Wir unterstützen daher die Forderung des Vorsitzenden der SPD-Bundestagsfraktion, Thomas Oppermann, dass der Bund die Kosten für die Unterbringung der Flüchtlinge übernehmen muss.

Ebenso wollen wir den Gesundheitsschutz der Flüchtlinge verbessern und zeitgleich den Verwaltungsaufwand in den Kommunen minimieren. Wir fordern daher, die Abwicklung der Gesundheitsleistungen den gesetzlichen Krankenkassen zu übertragen, sodass bundesweit das möglich wird, was in Bremen seit 1993 geübte Praxis ist. Die Erstattung der Gesundheitskosten muss der Bund übernehmen. Wir betonen zudem, dass die Einschränkungen in der Kostenübernahme im
Asylbewerberleistungsgesetz den täglichen Rahmenbedingungen nicht gerecht werden. Die gesundheitlichen Bedarfe der Flüchtlinge (z.B. Dolmetscherkosten in der Gesundheitsversorgung, Traumabehandlung etc.) sind unzureichend abgesichert. Hierfür muss eine Lösung gefunden werden.

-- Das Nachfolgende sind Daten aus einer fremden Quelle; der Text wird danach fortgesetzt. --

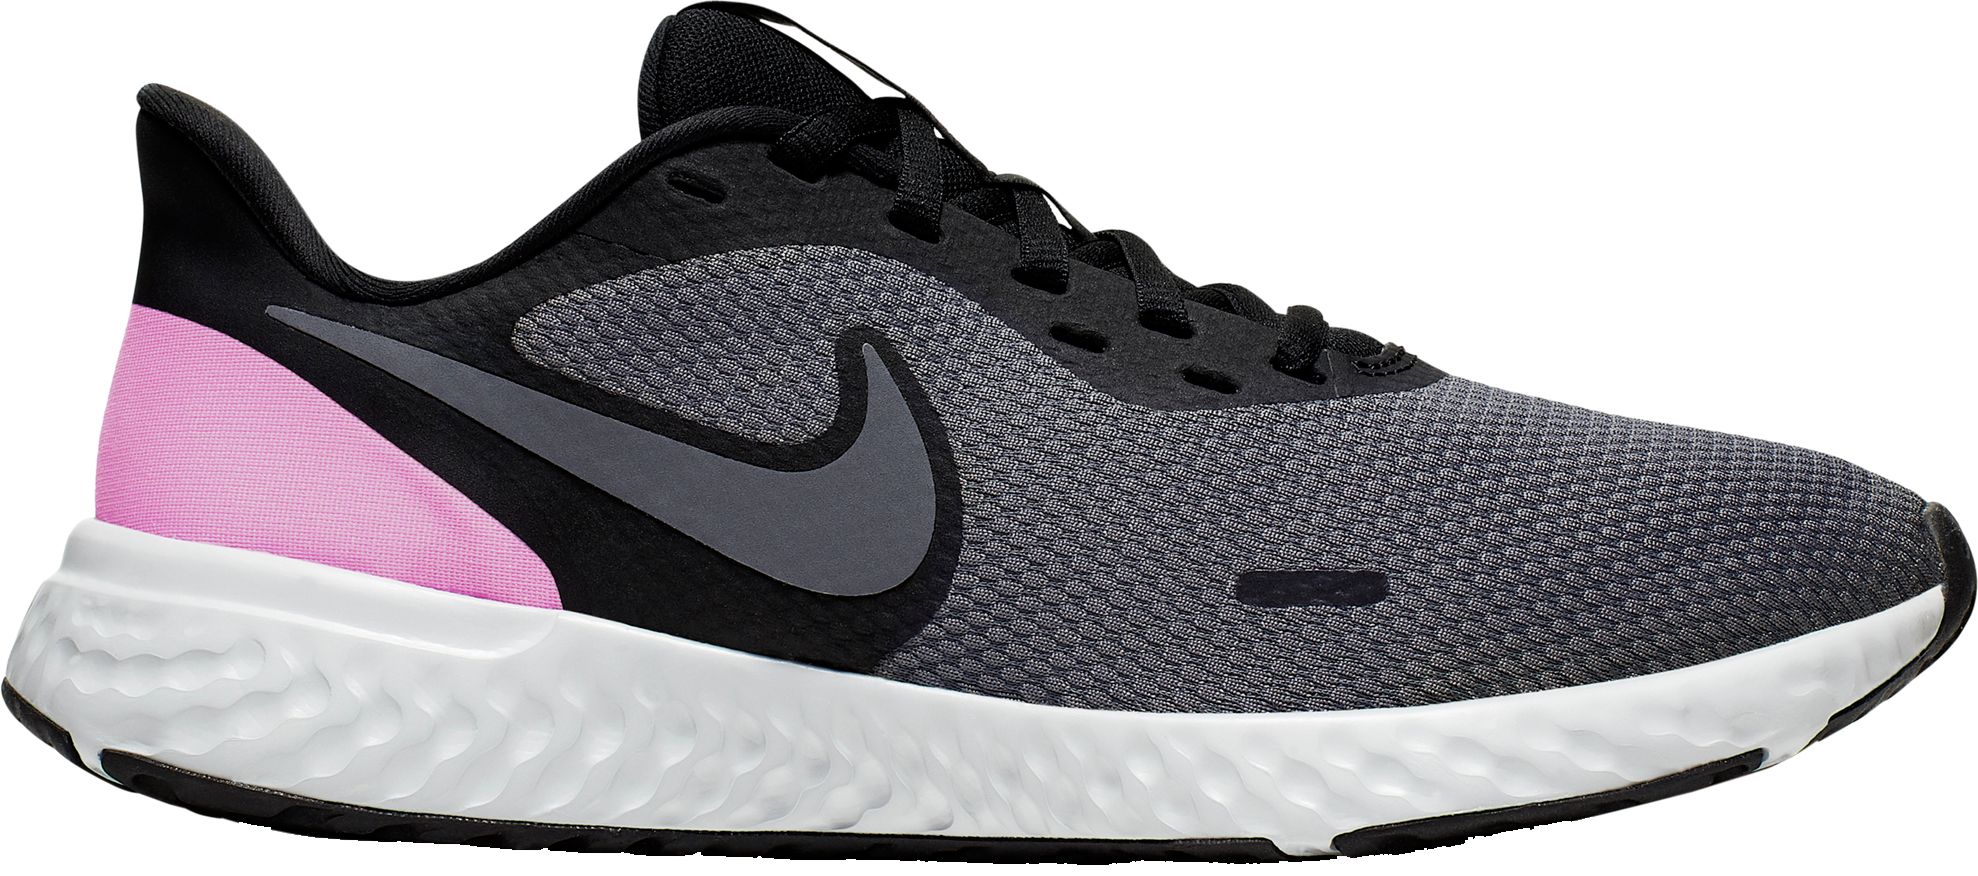 nike women's revolution 5 competition running shoes

Wenn die derzeit laufenden Besetzungen der zusätzlich geschaffenen Stellen beim BAMF nicht zügig zu der nennenswerten Beschleunigung des Asylantragsverfahrens führen, müssen weitere Maßnahmen zur Stärkung des BAMF ergriffen werden. Nur durch ein sorgfältiges und schnelles Asylantragsverfahren können die derzeitigen Kapazitäten in den Ländern und den Kommunen den steigenden Flüchtlingszahlen standhalten.

Wir setzen uns darüber hinaus für die Erleichterung der Möglichkeiten zur einvernehmlichen länderübergreifenden Unterbringung von Flüchtlingen ein.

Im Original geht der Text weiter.